Python compiles down to bytecode, an intermediate representation of your Python code used by the Python virtual machine. It’s sometimes enlightening and often fun to look at that bytecode using the built-in dis module.

1
2
3
4
5
6
7
8
9
10
11
12
13
14
15
16
17
18
19
20
21
22
23
>>> def one():
...     x = 1
...     y = 2
...
>>> def two():
...     x, y = 1, 2
...
>>> import dis
>>> dis.dis(one)
  2           0 LOAD_CONST               1 (1)
              3 STORE_FAST               0 (x)

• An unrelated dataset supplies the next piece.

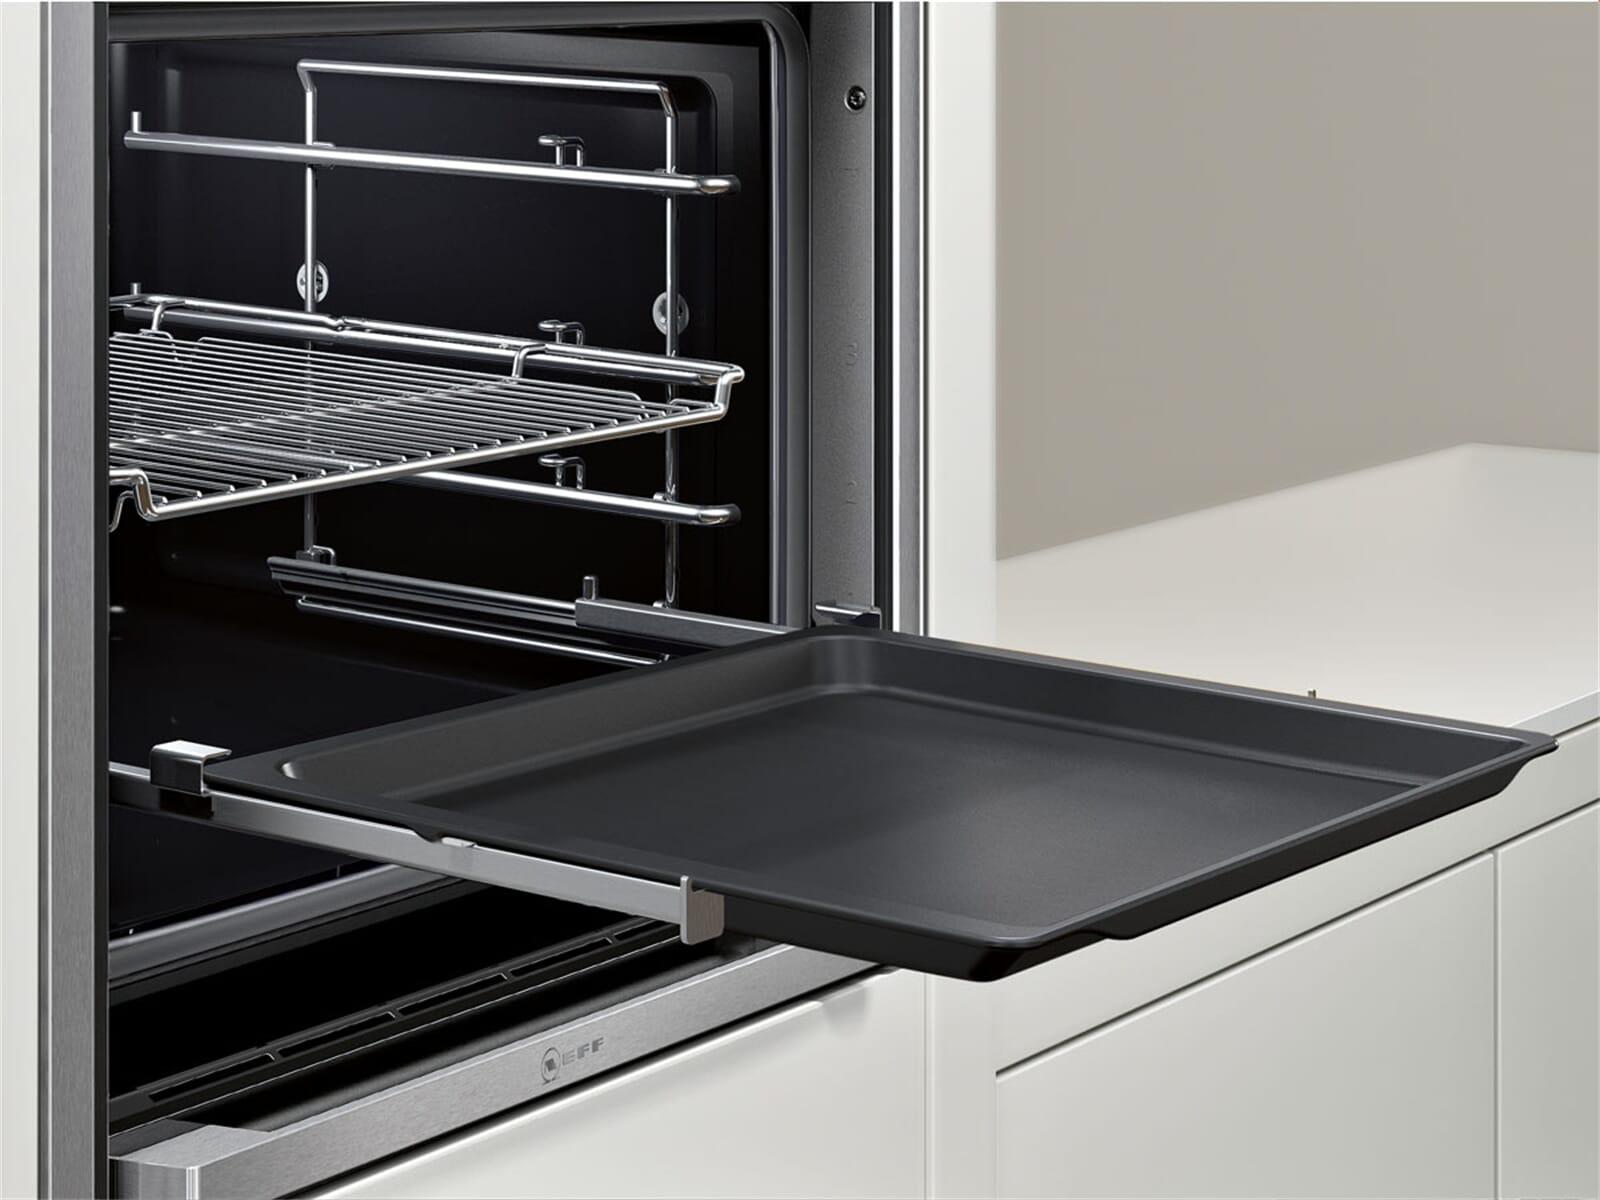 neff bcs 4524 n backofen edelstahl. Black Bedroom Furniture Sets. Home Design Ideas
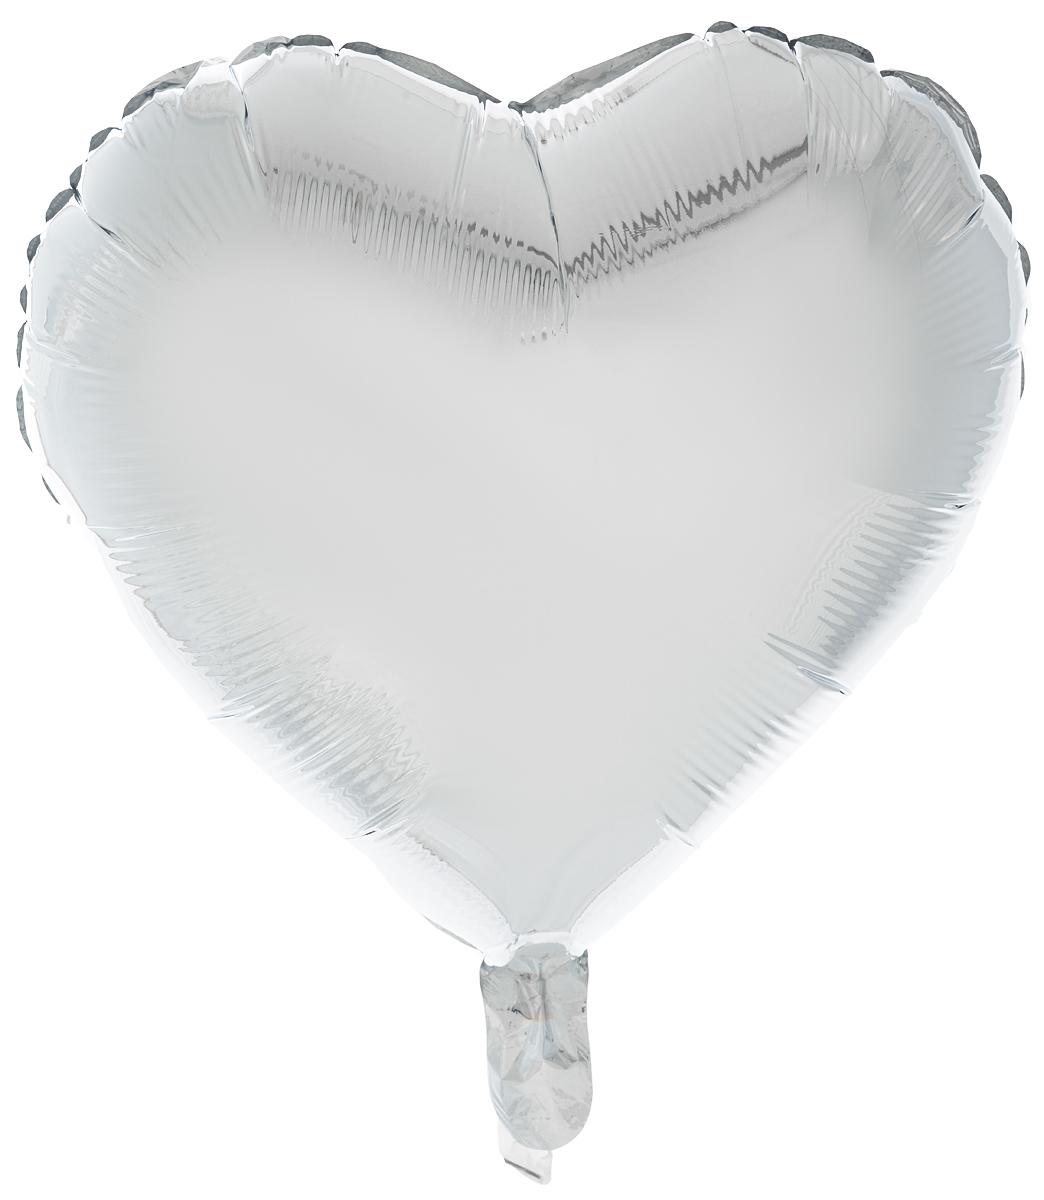 Action! Шар фольгированный Сердце цвет серебряныйL00671_новый дизайнБольшой фольгированный шар станет замечательным украшением праздника и веселой игрушкой для малыша. Шар в форме сердца может стать прекрасным дополнением к любому подарку, или украшением праздника! С помощью этого аксессуара любая вечеринка останется незабываемой! Изделие поставляется не надутым.

  3           6 LOAD_CONST               2 (2)
              9 STORE_FAST               1 (y)
             12 LOAD_CONST               0 (None)
             15 RETURN_VALUE
>>> dis.dis(two)
  2           0 LOAD_CONST               3 ((1, 2))
              3 UNPACK_SEQUENCE          2
              6 STORE_FAST               0 (x)
              9 STORE_FAST               1 (y)
             12 LOAD_CONST               0 (None)
             15 RETURN_VALUE

The implementation of the various operations are in Python/ceval.c.

4. Inspect/cinspect

You can get into the habit of trying to call inspect on anything you’re curious about to see the source code.

1
2
3
4
5
6
>>> import inspect
>>> import collections
>>> print inspect.getsource(collections.namedtuple)
def namedtuple(typename, field_names, verbose=False, rename=False):
    """Returns a new subclass of tuple with named fields.
    ...

However, inspect will only show the source code of things that are implemented in Python, which can be frustrating.

1
2
3
4
5
>>> print inspect.getsource(collections.defaultdict)
Traceback (most recent call last):
   [... snip ...]
IOError: could not find class definition
>>> :(

To get around this, Puneeth Chaganti wrote a tool called cinspect that extends inspect to work reasonably consistently with C-implemented code as well.

5. K&R

I think C is about a hundred times easier to read than it is to write, so I encourage you to read C code even if you don’t totally know what’s going on. That said, I think an afternoon spent with the first few chapters of K&R would take you pretty far. Hacking: The Art of Exploitation is another fun, if less direct, way to learn C.

Get started!

CPython is a huge codebase, and you should expect that building a mental model of it will be a long process. Download the source code now and begin poking around, spending five or ten minutes when you’re curious about something. Over time, you’ll get faster and more rigorous, and the process will get easier.

Do you have recommended strategies and tools that don’t appear here? Let me know!